Miles From Metropolis -
mean_salary_miles = merged.groupby("Miles From Metropolis")["Salary"].mean().sort_values()
mean_salary_miles
mean_salary_miles.plot()
plt.xticks(rotation =45)
plt.ylabel("Mean Salary")
plt.show()
Nearer to the city center, more is the salary. The mean salary decreases as you go away from the city center.
Multiple plots:
Plotting multiple features in a single plot Vs salary.
mean_salary_job_type1 = merged.groupby("Job Type")["Salary"].mean().sort_values()[1:6]
mean_salary_Degree1 = merged.groupby("Degree")["Salary"].mean().sort_values()
mean_salary_Major1 = merged.groupby("Major")["Salary"].mean().sort_values()[4:]
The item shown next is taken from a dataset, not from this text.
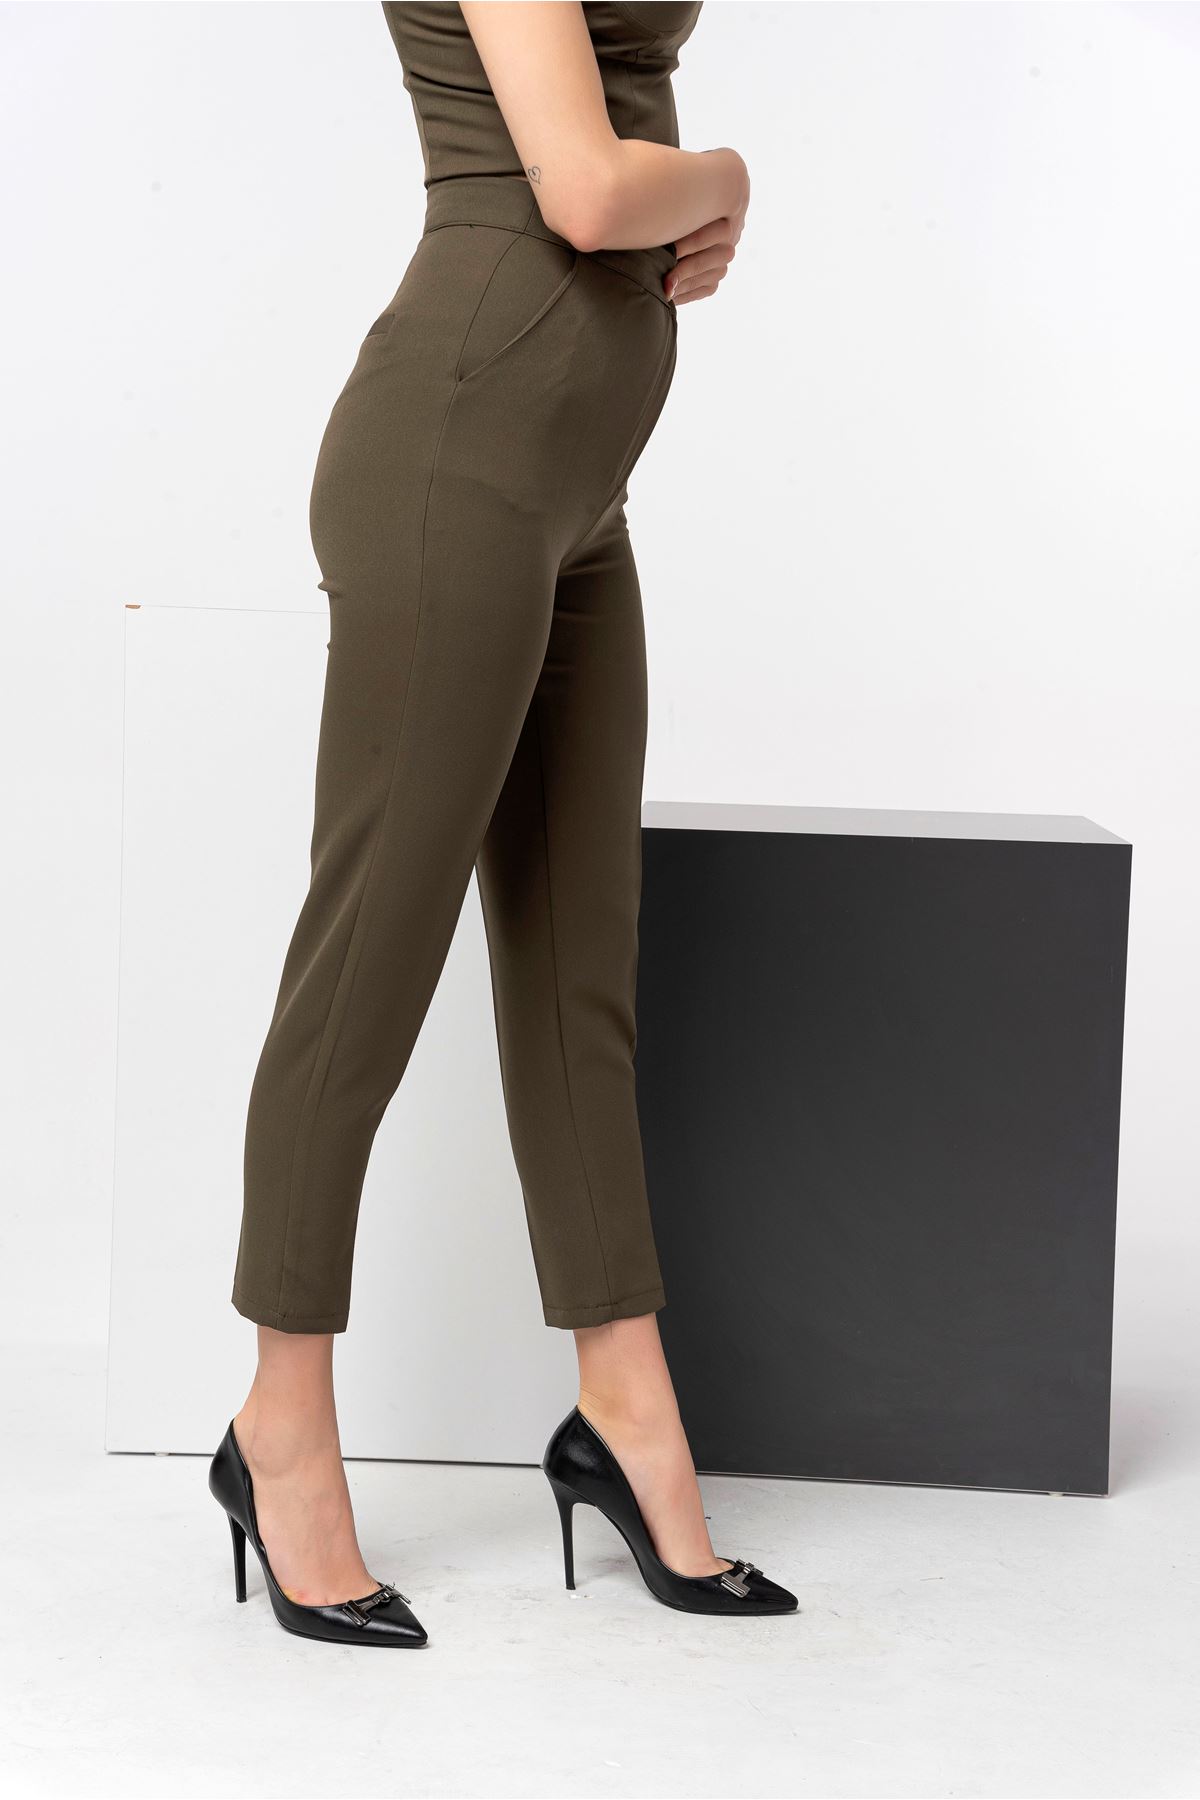 Atlas Kumaş Klasik Kadın Pantolon-Haki

mean_salary_Industry1 = merged.groupby("Industry")["Salary"].mean().sort_values()[2:]
mean_salary_Experience1 = merged.groupby("Years of Experience")["Salary"].mean().sort_values()[:5]
fig,axis = plt.subplots(nrows=1,ncols=1,figsize=(13,6))
mean_salary_job_type1.plot()
mean_salary_Degree1.plot()
mean_salary_Major1.plot()
mean_salary_Industry1.plot()
mean_salary_Experience1.plot()
axis.set_xticklabels([" ", "a", " ", "b", " ", "c", " ", "d", " ", "e", " " ])
plt.xlabel("Features")
plt.ylabel("Mean Salary")
plt.show()
Here, the values "a", "b", "c", "d", "e" on the x-axis represents -
"a" - represents Junior(Job Type), None(Degree), Physics(Major), Auto(Industry) and 0(Experience).
"b" - represents Senior(Job Type), High School(Degree), CompSci(Major), Health(Industry) and 5(Experience).
"c" - represents Manager(Job Type), Bachelors(Degree), Math(Major), Web(Industry) and 10(Experience).
"d" - represents Vice President(Job Type), Masters(Degree), Business(Major), Finance(Industry) and 15(Experience).
"e" - represents CFO(Job Type), Doctoral(Degree), Engineering(Major), Oil(Industry) and 20(Experience).
Correlation plot :
Make a copy of the dataframe.
Convert the "object" datatype into "category".
Drop "Job ID" and "Company ID" columns.
Encode the categorical data type.
corr_plot = merged.copy()
cols = ["Job Type", "Degree", "Major", "Industry"]
for i in cols:
corr_plot[i] = corr_plot[i].astype("category")
corr_plot.info()
corr_plot = corr_plot.drop("Job ID", axis=1)
corr_plot = corr_plot.drop("Company ID", axis=1)
corr_plot
#One hot encode categorical data in the dataset
corr_plot = pd.get_dummies(corr_plot)
corr_plot.head()
plt.figure(figsize = (10, 8))
sns.heatmap(corr_plot.corr(), cmap = 'BuGn', linewidth = 0.005)
This plot shows the correlation of every column with other columns present in the dataframe.
Yay! 🥳 You made it till the end. Hope you found it interesting.